La deuxième chose est une clarification juridique de quelque chose qui est déjà effectif, mais qui n’a pas été clairement défini : si vous souhaitez fournir des services bancaires dans l’UE, vous devez y disposer soit d’une filiale, soit d’une succursale. C’est la même chose partout dans le monde, mais nous voulons le mettre noir sur blanc, car il est apparu au cours du processus lié au Brexit qu’une certaine incertitude subsistait à cet égard.

Le rapport sur le MSU a également été publié récemment. De quoi s’agit-il exactement et quelles sont ses conclusions ?
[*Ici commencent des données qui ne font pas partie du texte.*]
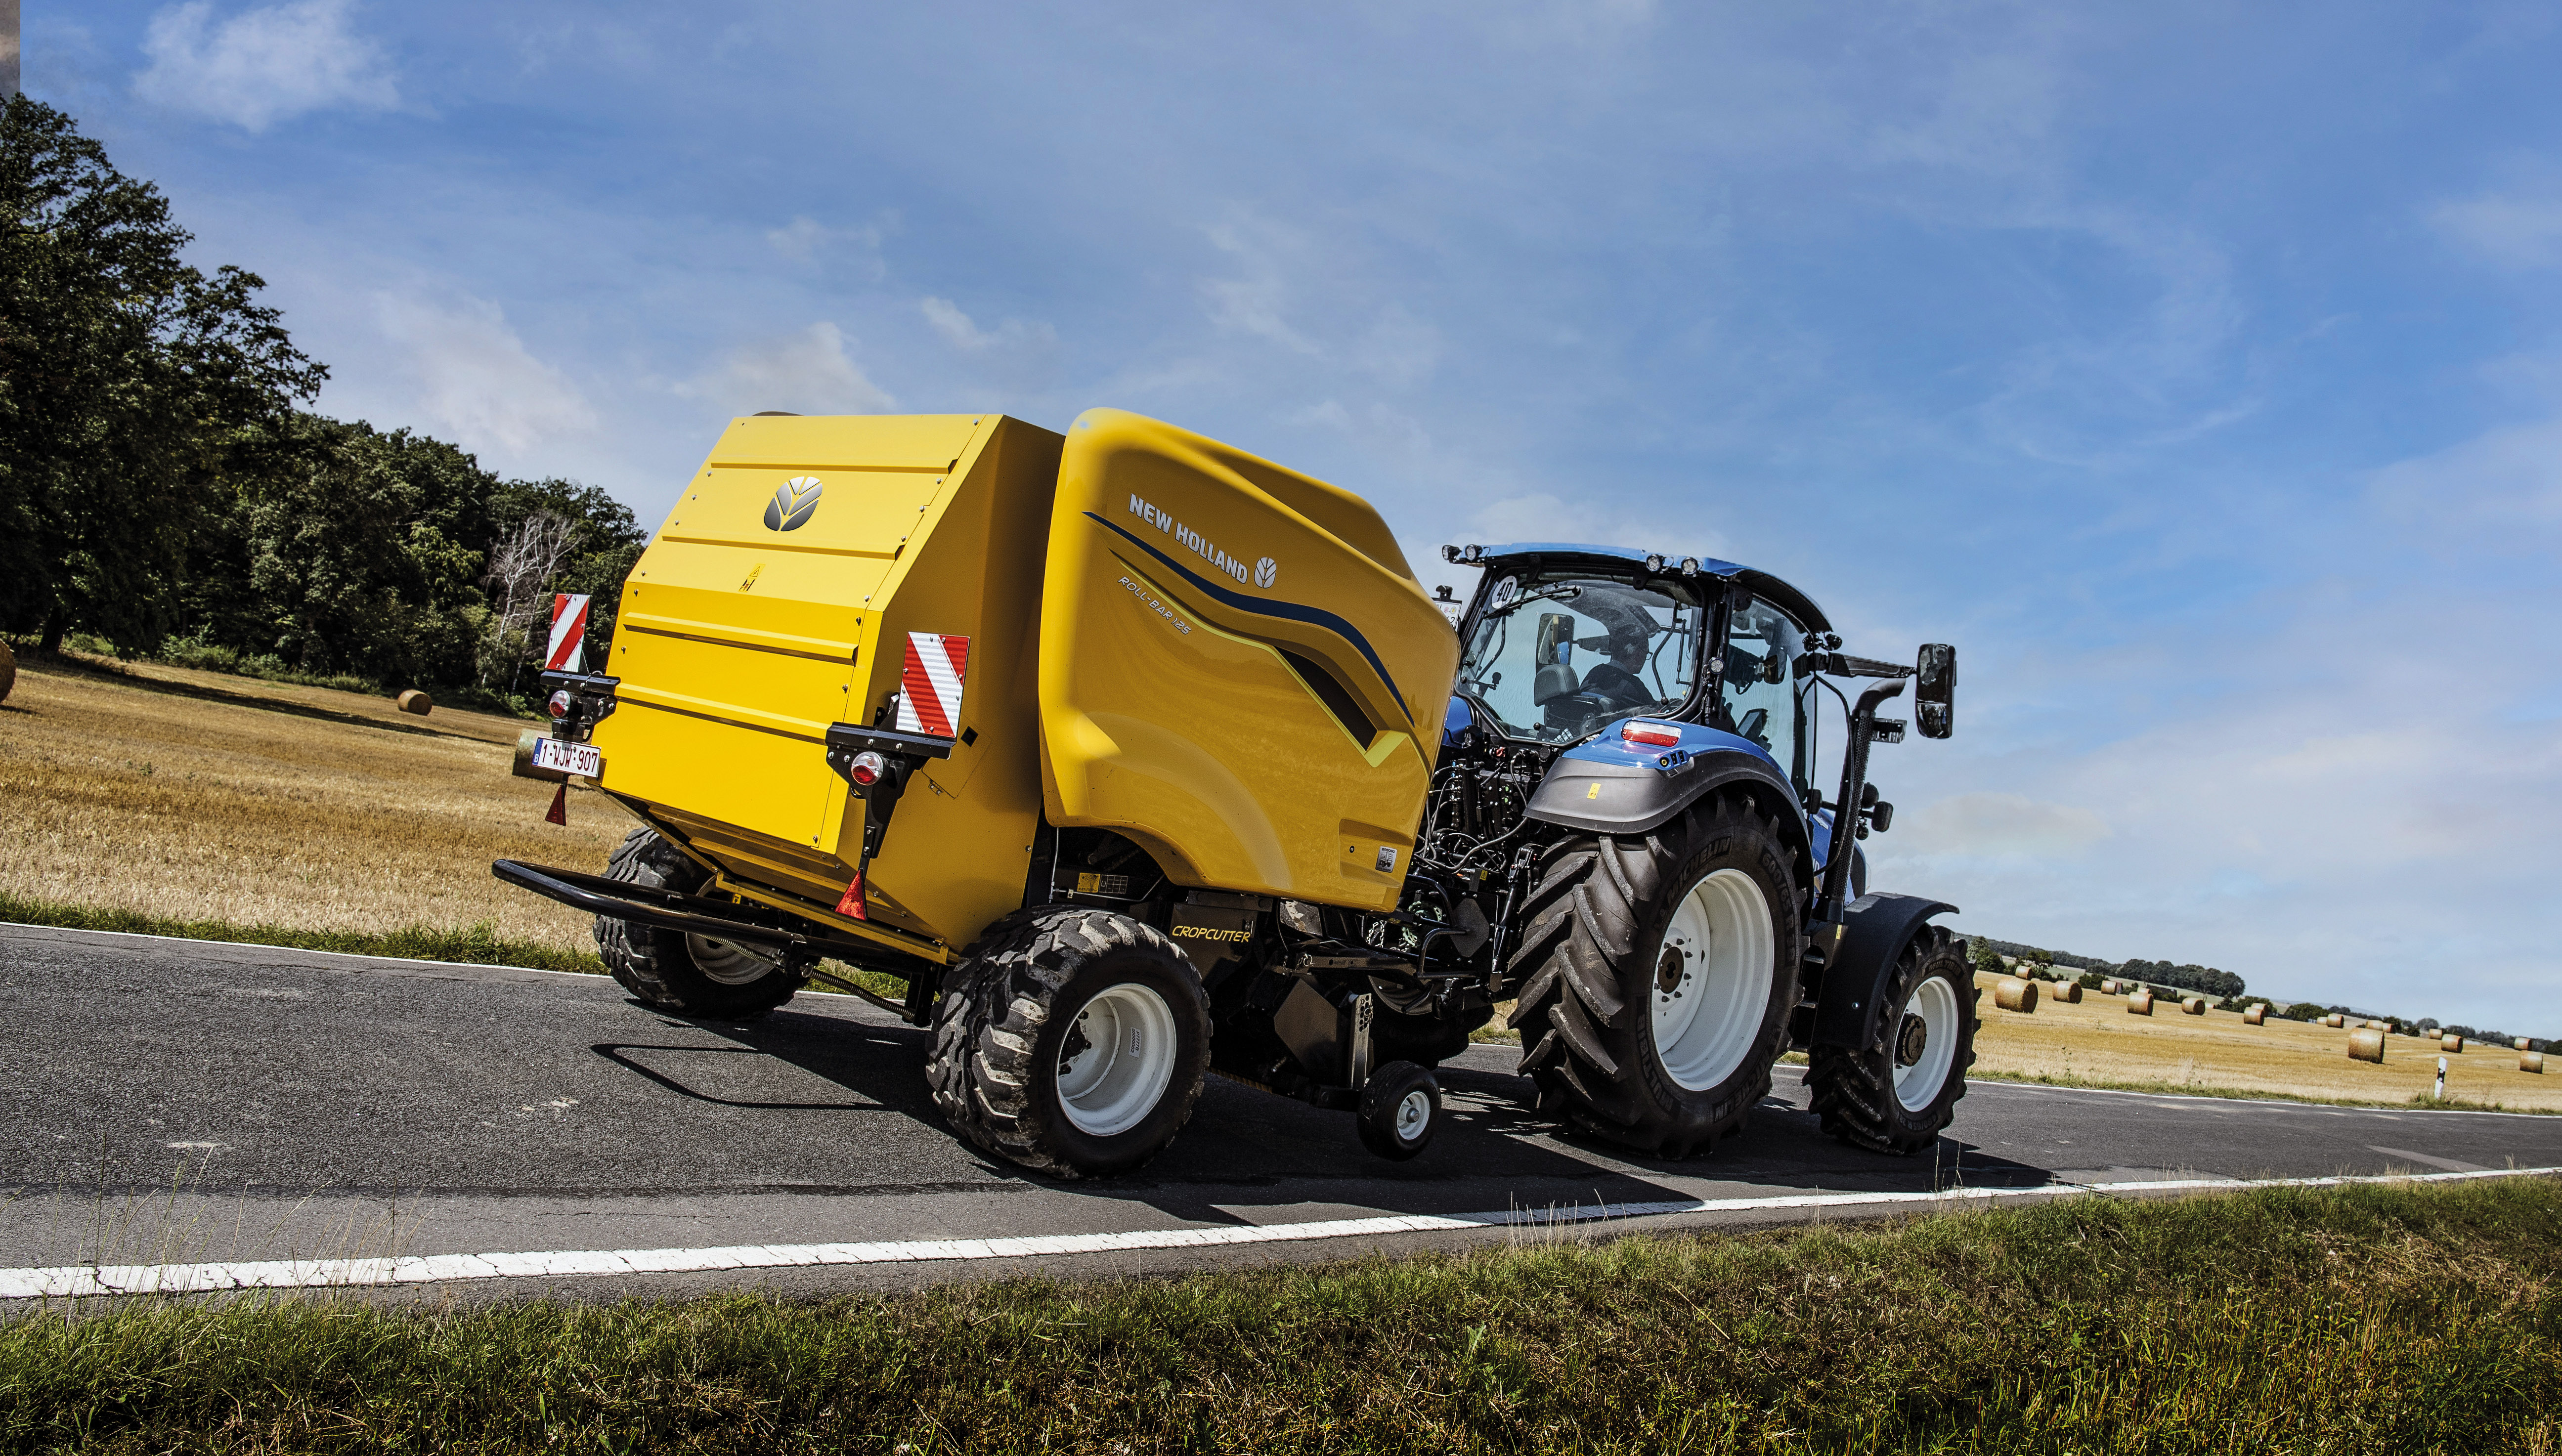 New Holland launches new Roll-Bar 125 fixed chamber round baler

Le rapport sur le MSU évalue le fonctionnement de celui-ci, ce que la Commission doit faire régulièrement en vertu du règlement relatif au MSU. Nous avons réalisé cette évaluation en effectuant des recherches documentaires, mais aussi en parlant avec le MSU, les 21 autorités nationales compétentes au sein du MSU et les six autorités compétentes en dehors de l’union bancaire. Nous avons demandé leur contribution concernant le fonctionnement du MSU. Nous avons également parlé à toutes les associations professionnelles au niveau de l’UE. Toutes les contributions reçues sur le fonctionnement du MSU ont été globalement très positives. Il est considéré comme efficace et crédible. Il convient de noter le travail qu’il a accompli pour veiller à la cohérence de la surveillance. La coopération avec les autorités des États membres participants ainsi qu’avec les six autorités n’appartenant pas à l’union bancaire a également été saluée. L’évaluation montre aussi que le MSU a bien réagi aux crises, par exemple à la crise de la COVID-19 et aux événements en Ukraine.

Dans l’ensemble, le MSU s’avère être une instance de surveillance mature, solide et crédible.  La crise bancaire américaine de mars a confirmé qu’une surveillance aussi solide est un atout très important pour le système bancaire européen et pour la stabilité financière de l’UE.